GÖRÜNTÜLERDE köpek dövüşü...

Şereflikoçhisar civarında bir arazide, biri beyaz, iki köpek birbirlerini parçalıyorlar. Çevrelerini sarmış belki yüz kişi (ki bunlar bahis oynayanlar) çığlıklar atıyorlar.

Dövüşen iki köpeğin hemen yanında bir çocuk var, aşağı yukarı on yaşlarında.

Niçin çocuk?..

Çünkü beyaz köpek, çocuğu çok seviyor.

Onu dost kabul etmiş, onun zarar göreceğini sanıp aklınca onu koruyor ve öbür köpeği var gücüyle parçalamaya çalışıyor.
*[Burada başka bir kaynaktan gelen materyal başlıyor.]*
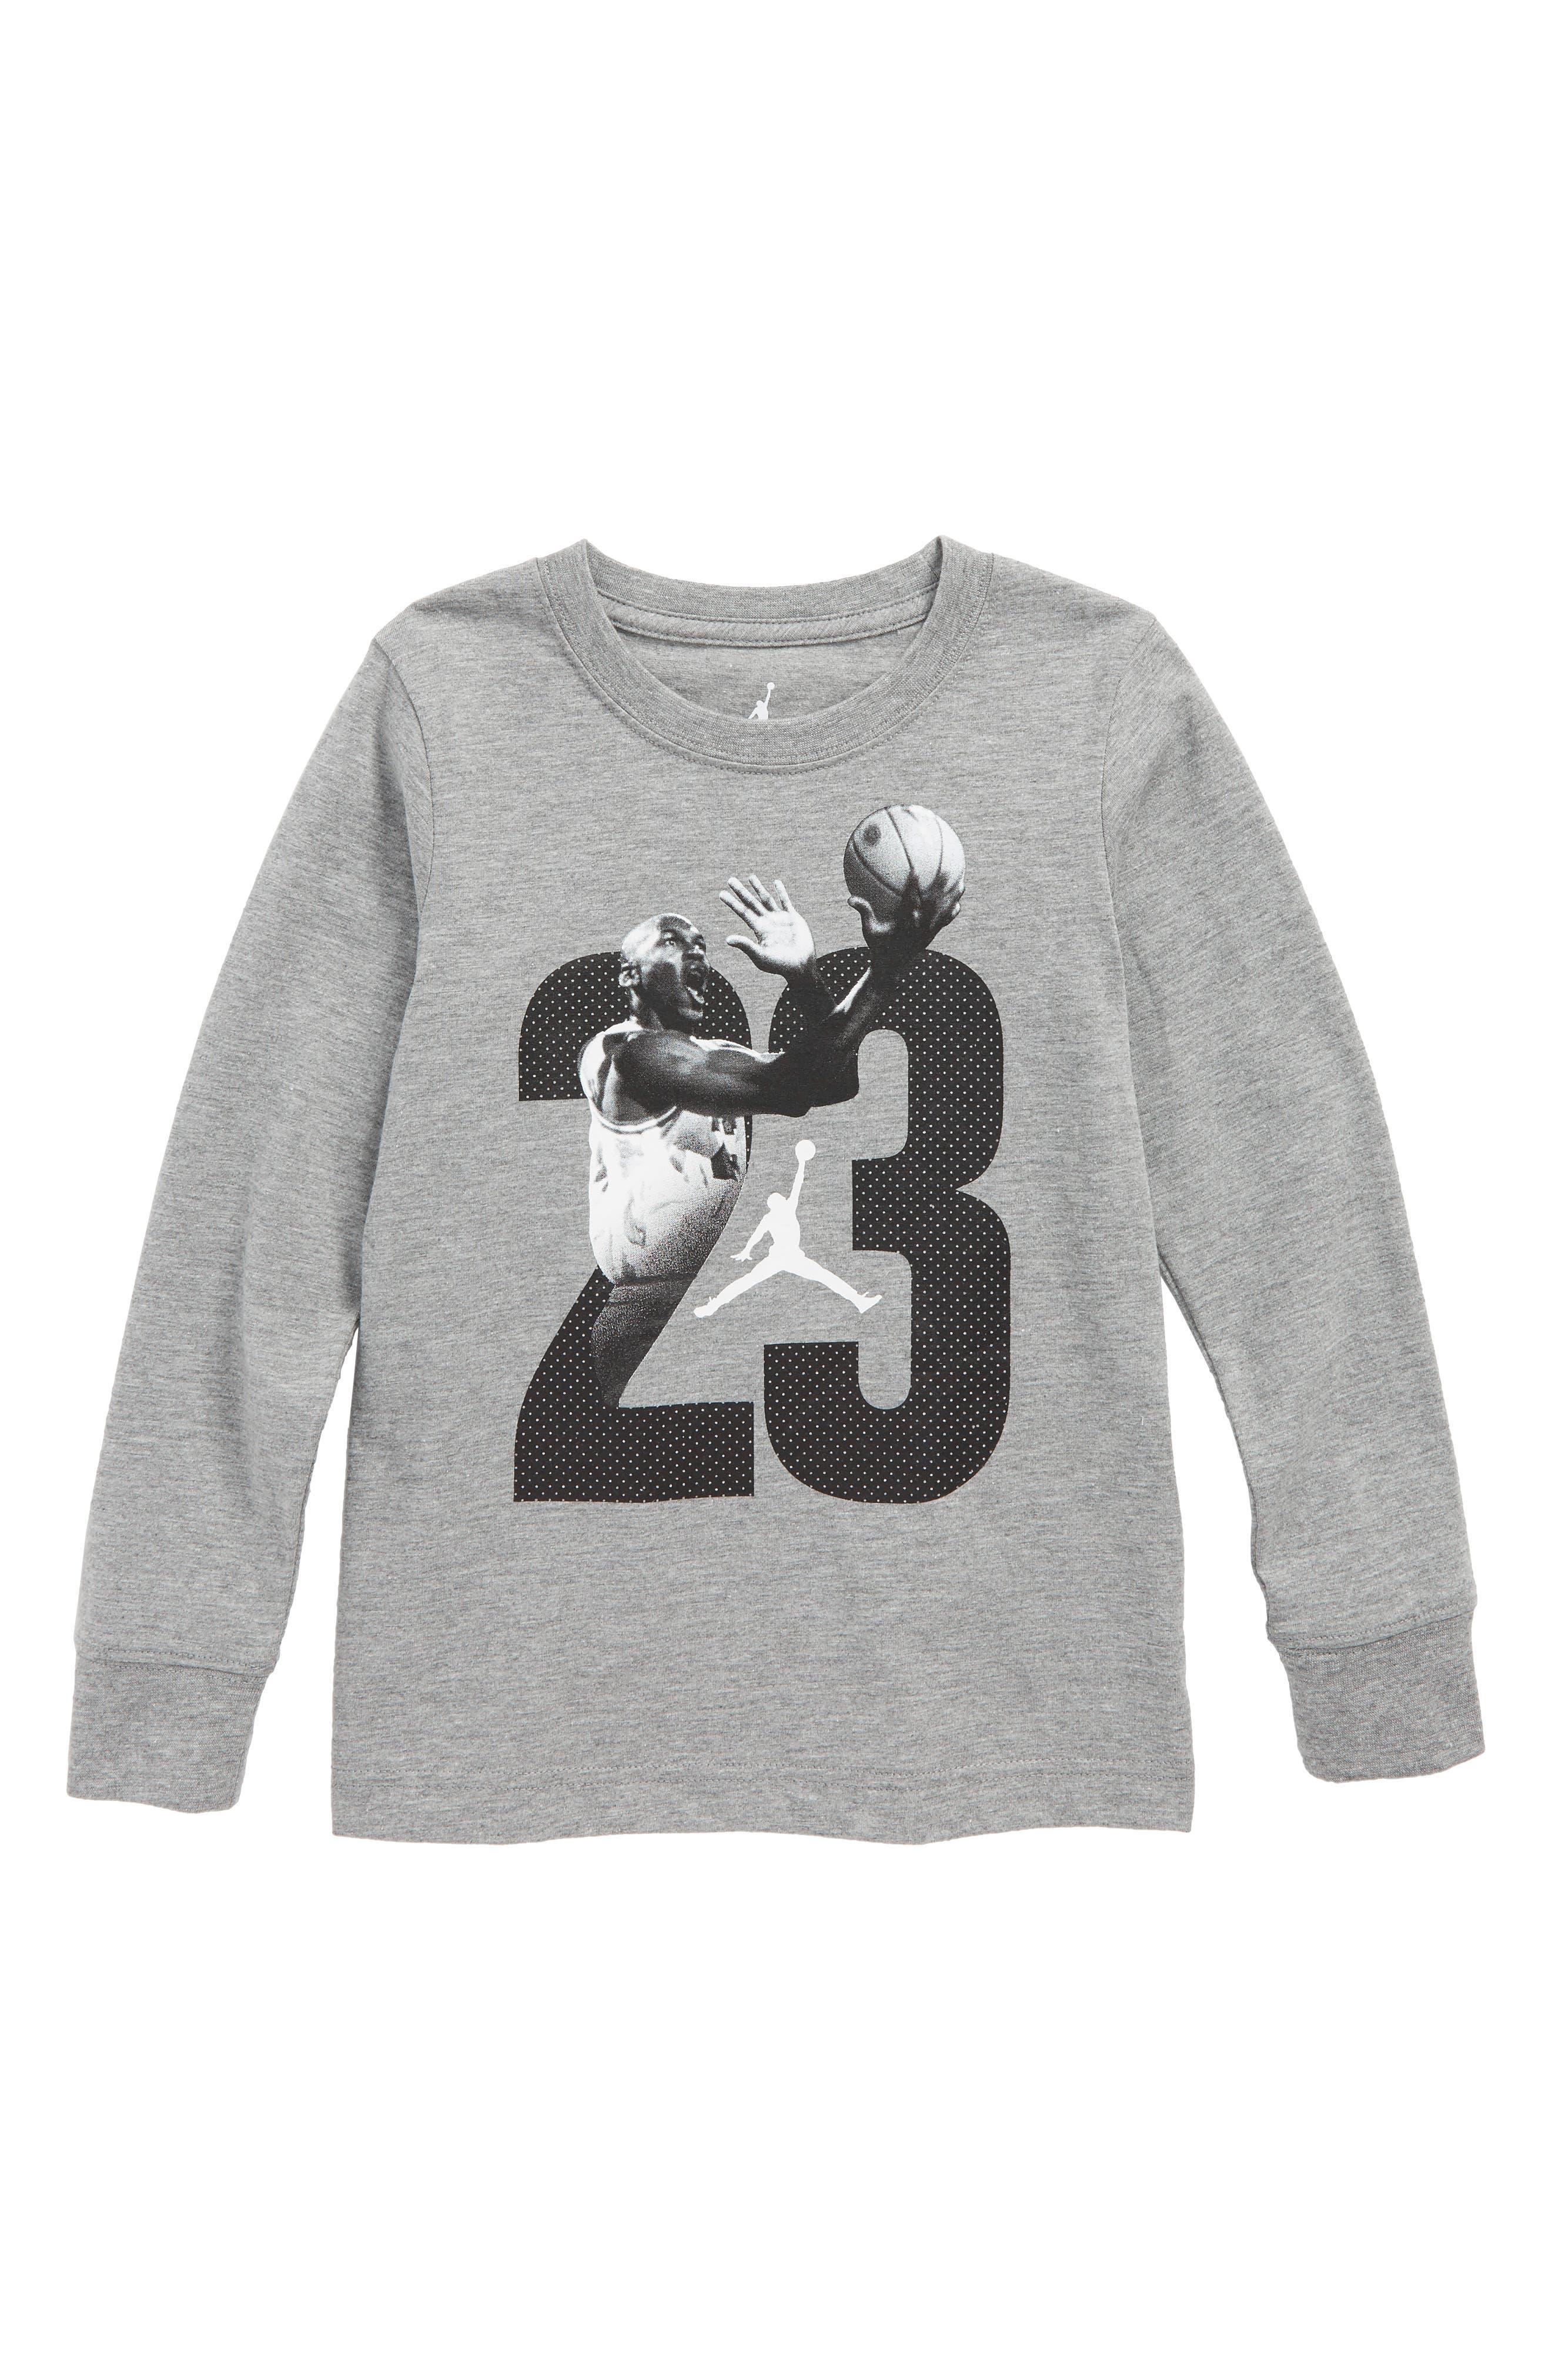 Jordan 23 Graphic Long Sleeve T-Shirt,                         Main,                         color, Carbon Heather

Sonunda yeniliyor beyaz köpek.

Beyaz tüyleri kıpkırmızı, ölmek üzere... Ama çocuk yanına yaklaşınca, bakıyor ve kuyruğunu sallıyor.

*

Diyanet İşleri Başkanlığı, Diyanet Dergisi’nde bir "Hayvan Hakları Bildirisi" yayınladı.

Deniliyor ki:

"Resulullah dövüştürmek için hayvanları birbirine kışkırtmayı yasaklamıştır. Horoz, deve, boğa, köpek, koç dövüştürmek hep bu yasak içinde yer alır.
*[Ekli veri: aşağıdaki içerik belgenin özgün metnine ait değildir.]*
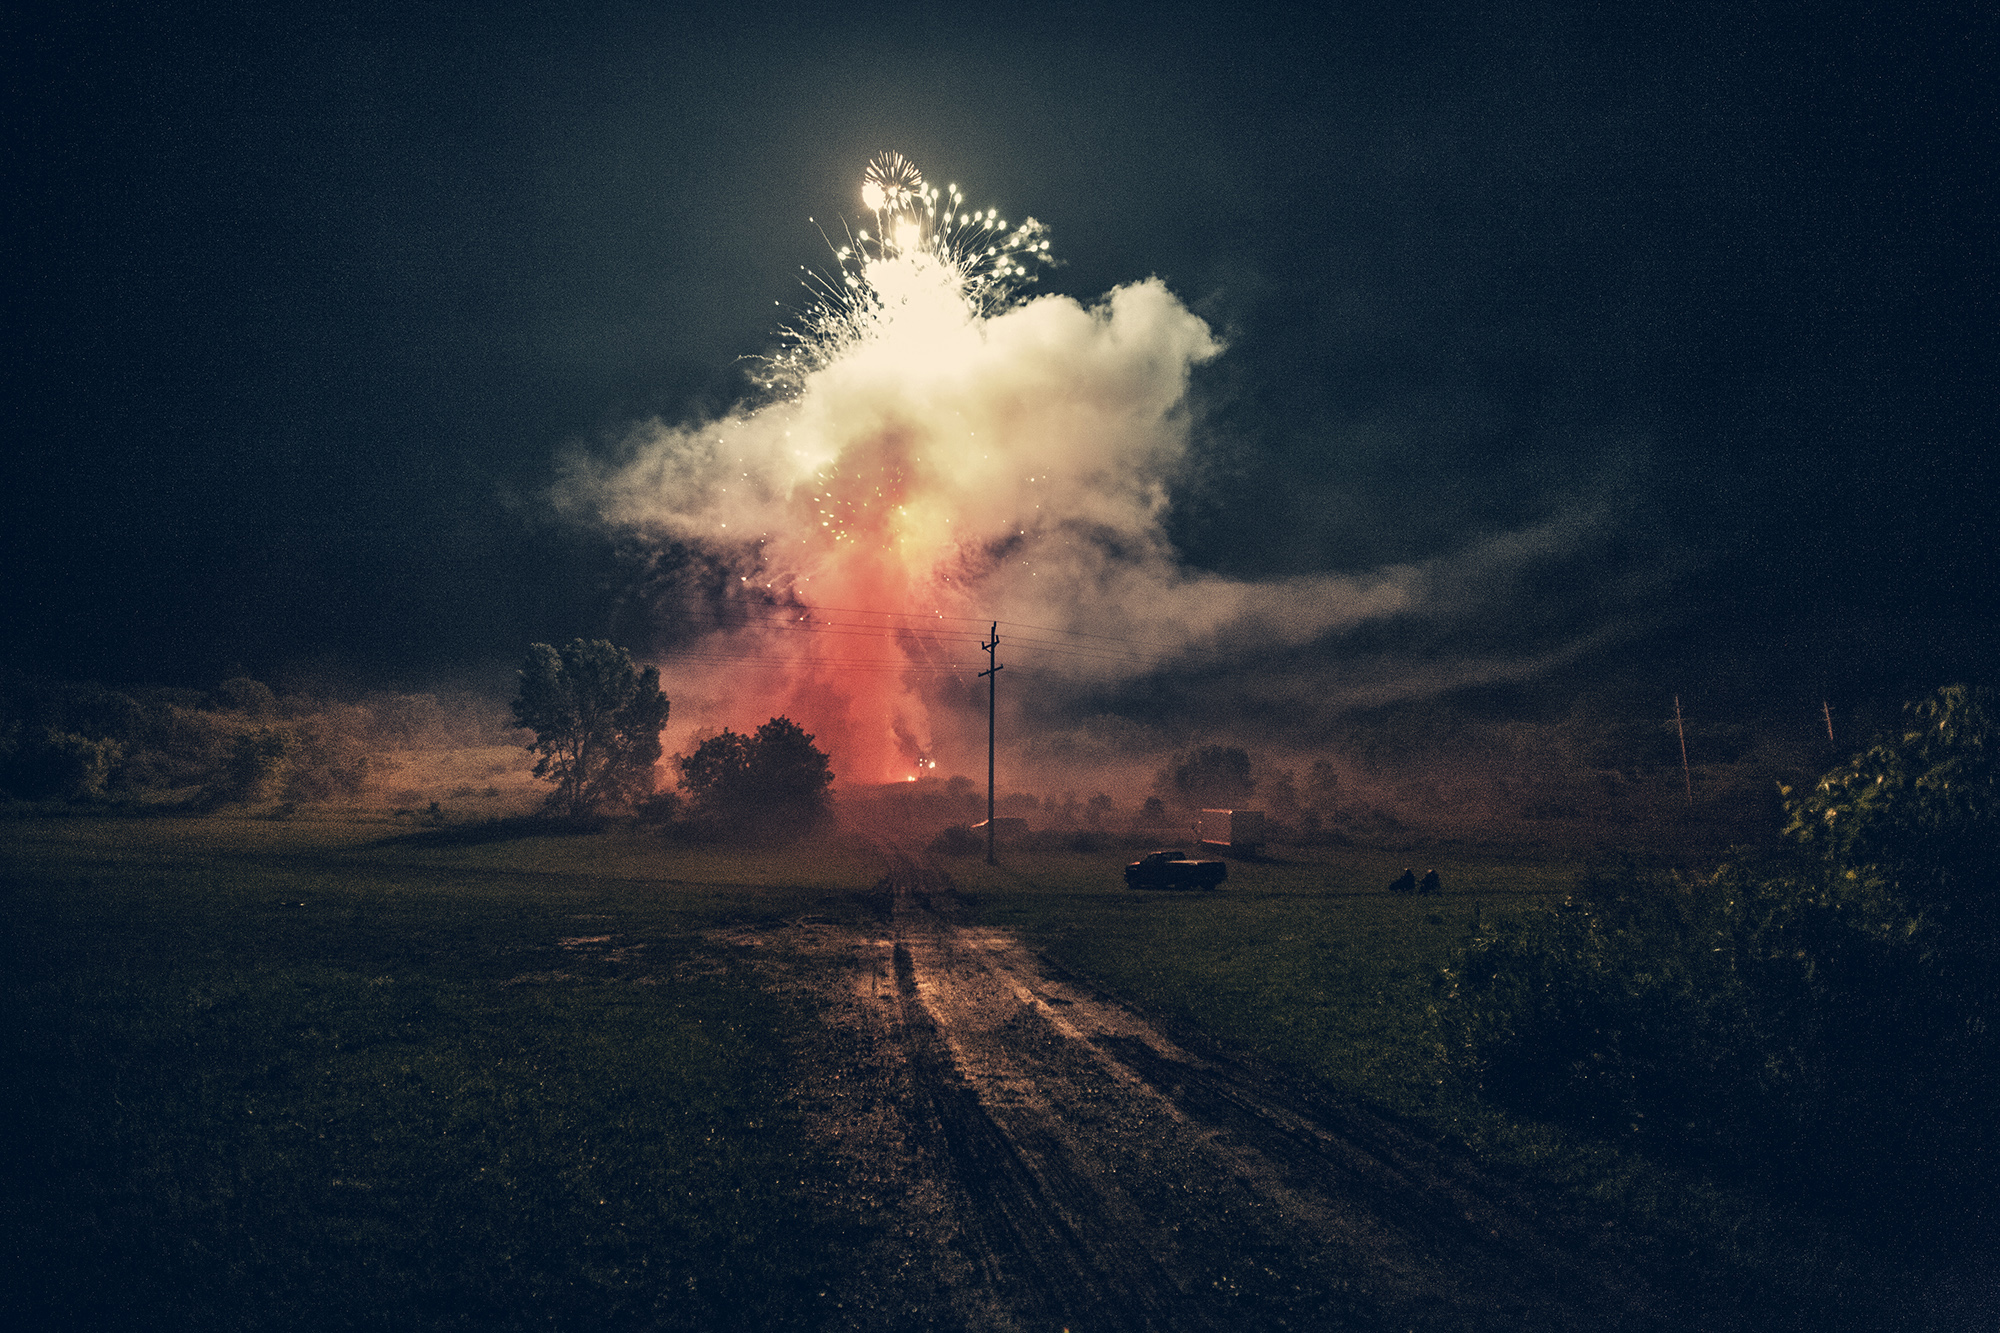 FranciscoMunoz_Explosion.jpg

Bunlar hayvanlara eziyet etmektir ve hayvanlara eziyet etmek kesin olarak dinimizde suçtur.

Bütün hayvanlar insanlarca, gözetilme, bakılma ve korunma hakkına sahiptir....."

*

Diyanet İşleri Başkanlığı’na tüm hayvan dostları, tüm çocuklar, tüm iyi insanlar, tüm canlılar adına teşekkür etmeliyim.

Kendisini başka bir köpeğe parçalatan çocuğa yine de kuyruğunu sallayan beyaz köpek; aslında bize yaşamın en anlamlı mesajını veriyor.

İnsanların sadece "hayvan" saydığı canlının, o akıl almaz dostluğunu, sevgisini, sadakatini...

İhaneti aklına bile getirmeyecek kadar dürüstlüğünü...

Dostu çocuğa karşı görevini yapmış olmanın huzurunu...

Hiçbir insanın (özellikle canlıların kanı aktıkça çığlık atan insanların) asla sahip olamayacağı kadar saflığını-temizliğini anlatıyor bizlere.

Ama biz...

Biz anlamıyoruz.

Ne din adamları bize anlatabiliyorlar, ne gözümüzün önündeki akıl almaz dersleri görebiliyor insanoğlu.

Dört bir yandan sadece yok etmenin çığlık sesleri geliyor.


Dövüş köpeği...
Bekir Coşkun/hürriyet








GOLDİ; su tasını, yemek kabını, gezi tasmasını kendisi taşırdı oradan oraya. Aşı zamanı geldiğinde "aşı karnesini" ağzına alıp Veteriner Tıp Merkezi’ne kendisi gidiyordu.

Dün ona bakan veteriner hekimler ağladılar.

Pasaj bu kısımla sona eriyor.